I have never, before or since, felt that kind of physical pain (and I don't know that I'll be so stubborn about natural birth the next time around-drugs can be a good thing sometimes). But I have felt its emotional equivalent, these last two years of my life. I have wailed. I have laid catatonic. I have researched ways to die. I have tried to flee, through food, through purchases that I could not afford, through television. But I could never flee completely, because of this life I had pushed into this world, needing me to be present for him, to take care of him, to be alive, which is something more than survival for him. And in doing that, in sitting in the pain, in welcoming the joy that could coexist it, and the changes it forced in me. I was going to grow or I was going to die. I chose to live, which meant choosing to grow. Which meant asking questions of myself, telling truths to myself, that my life before allowed me to avoid.
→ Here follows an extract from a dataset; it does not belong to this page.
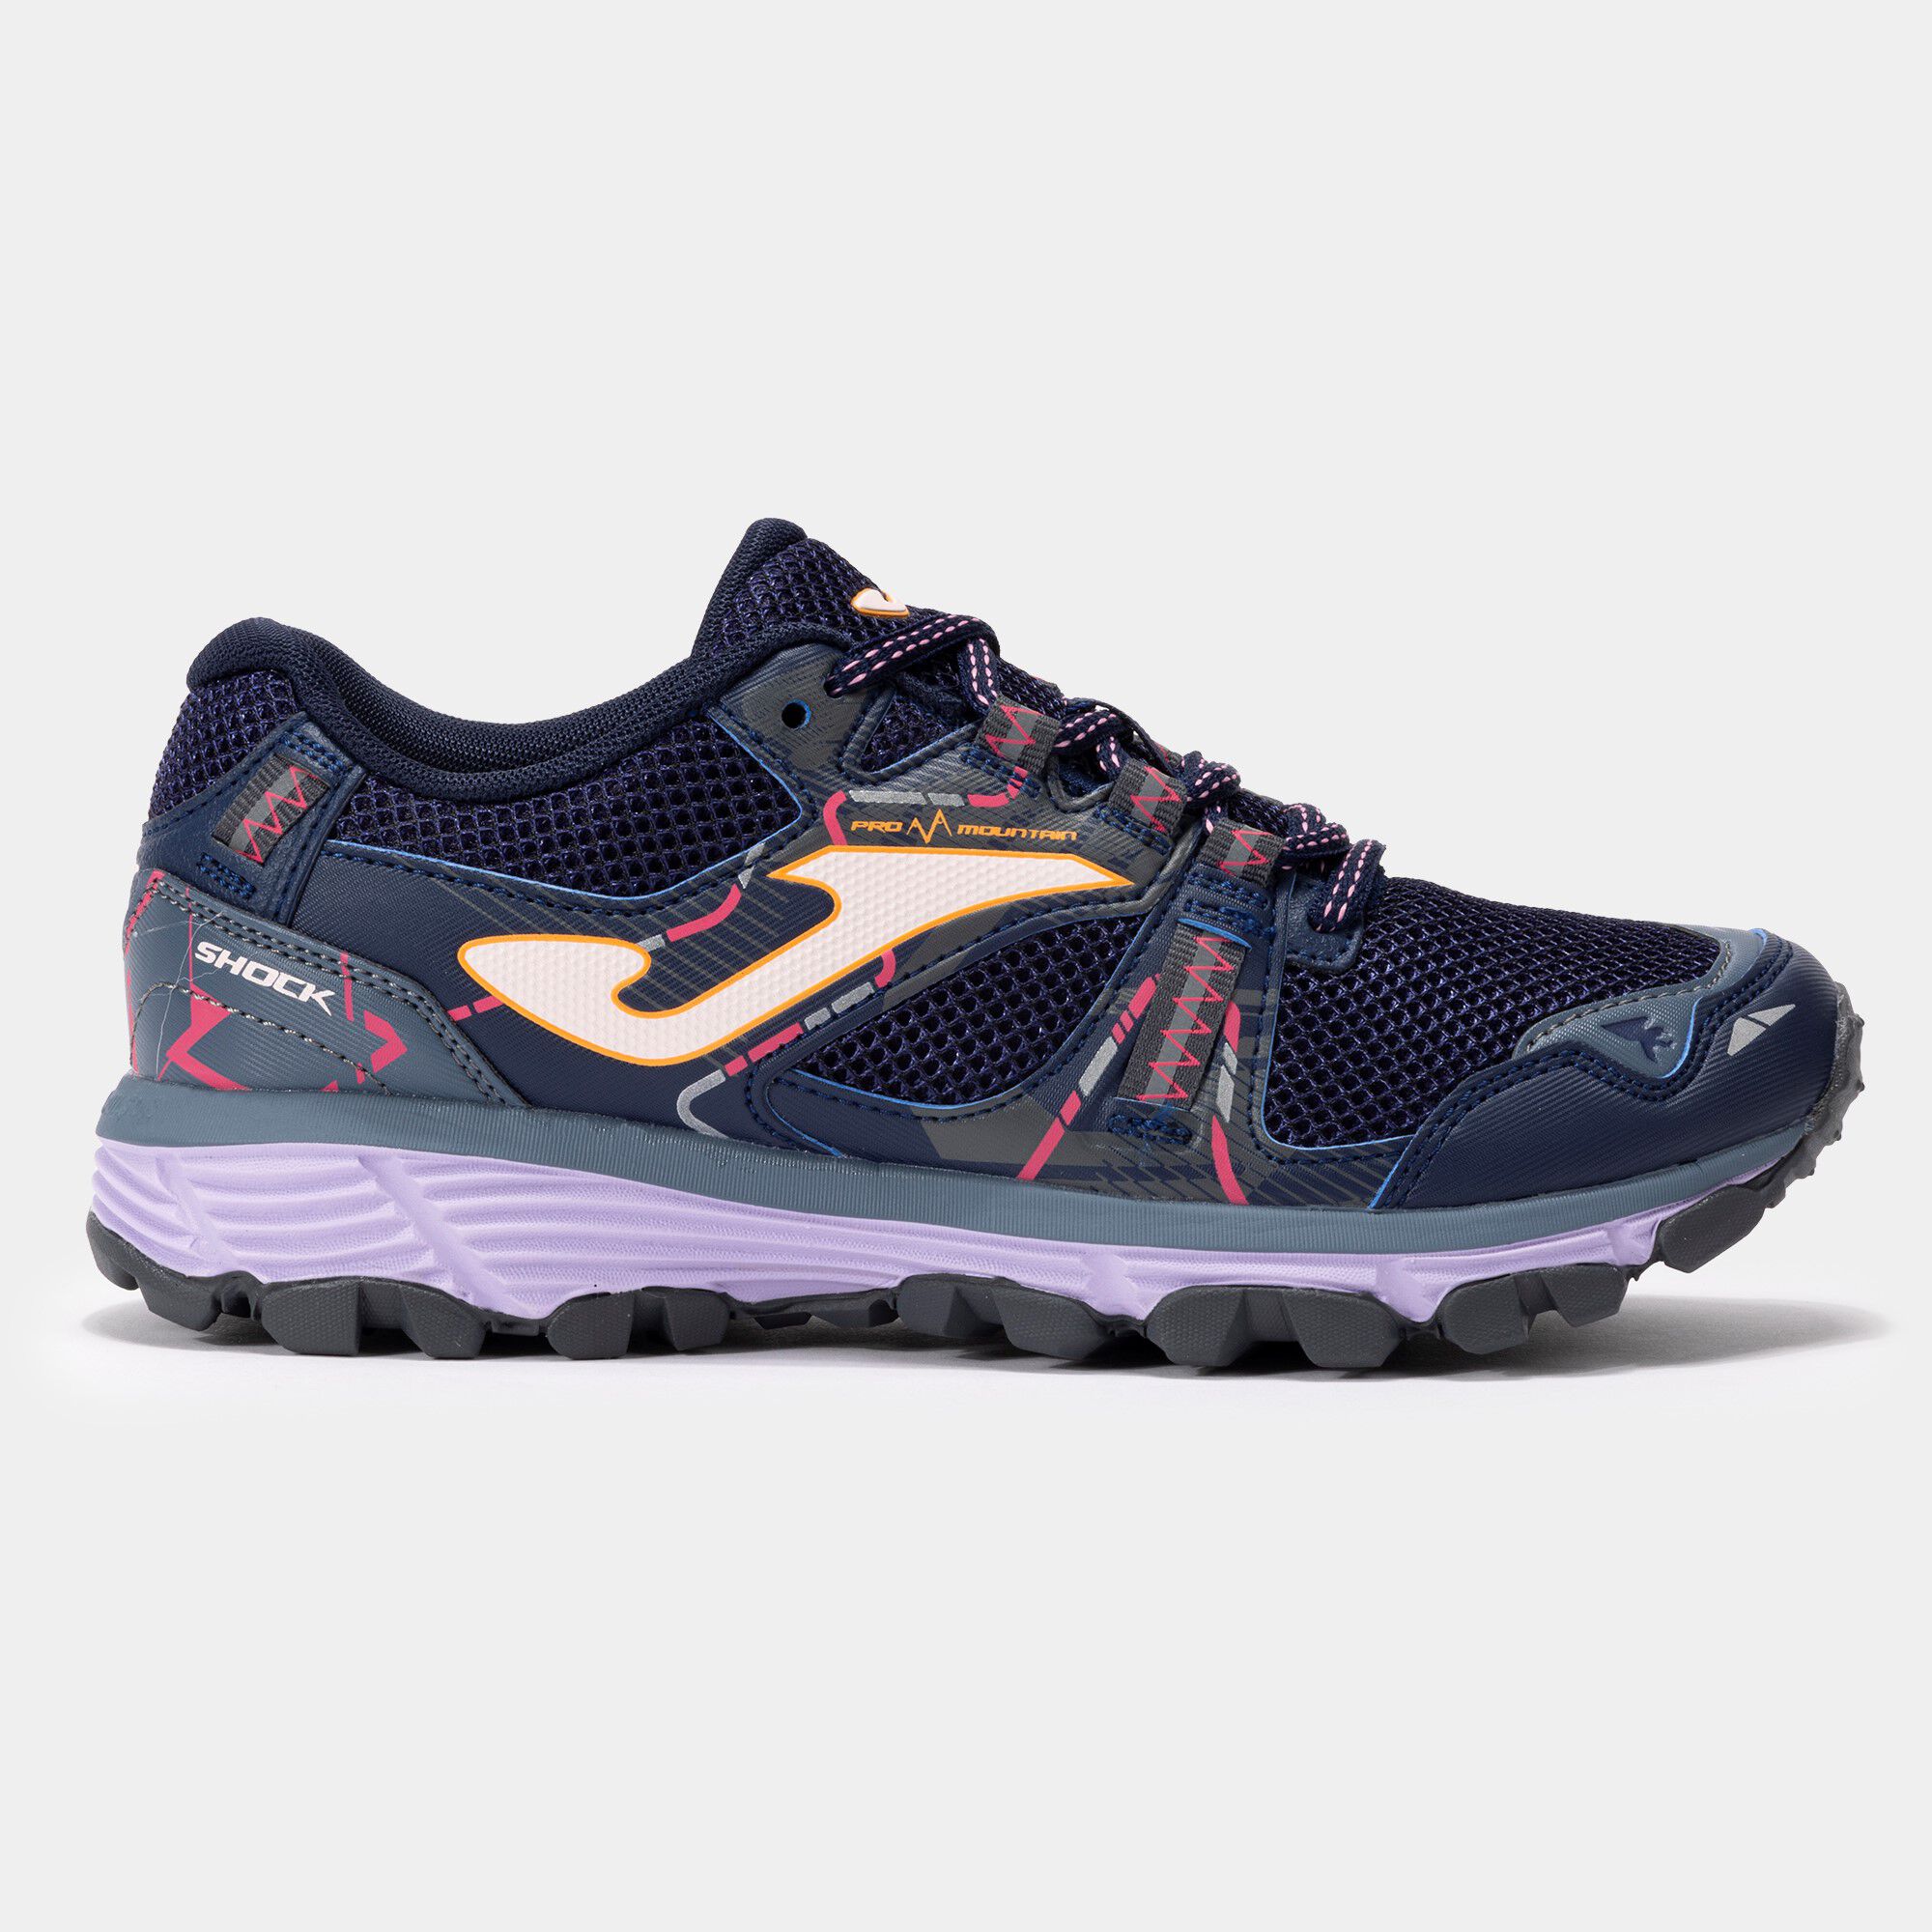 Trail-running shoes Shock Lady 24 woman navy blue

I think I am coming out of it, finally, this big transition that wrought such a depth of hurting. But, as in childbirth with afterbirth, tears, and stitches, it doesn't mean the birth, or the pain of birth is over. I still have moments of wondering whether I can do this, of wishing, pointlessly, for a simpler past. But, like I wouldn't give back that kind-of-horrible-but-also-wonderful birth experience, I would not take back the decision to have my child, even with people suggesting that that decision was wrong, trying to measure, externally, in numbers, my capacity and his potential. I know that he was worth it. And I know that I am better, stronger, more powerful than before.
I usually don't enable comments, I do race woman work and I am not trying to hear from no internet trolls in a space where I also write about my son. But I would like to hear some other voices, stories on this one. For anyone, do you think you have ever gone through a transition? Is yours still to come? What do you think is the value of pain in our lives? The role of pain in faith, or spirituality? And if you have given birth (surgically, medicated, unmedicated, flight home with your newly adopted child in your arms, however you've done it) what did it teach you about yourself?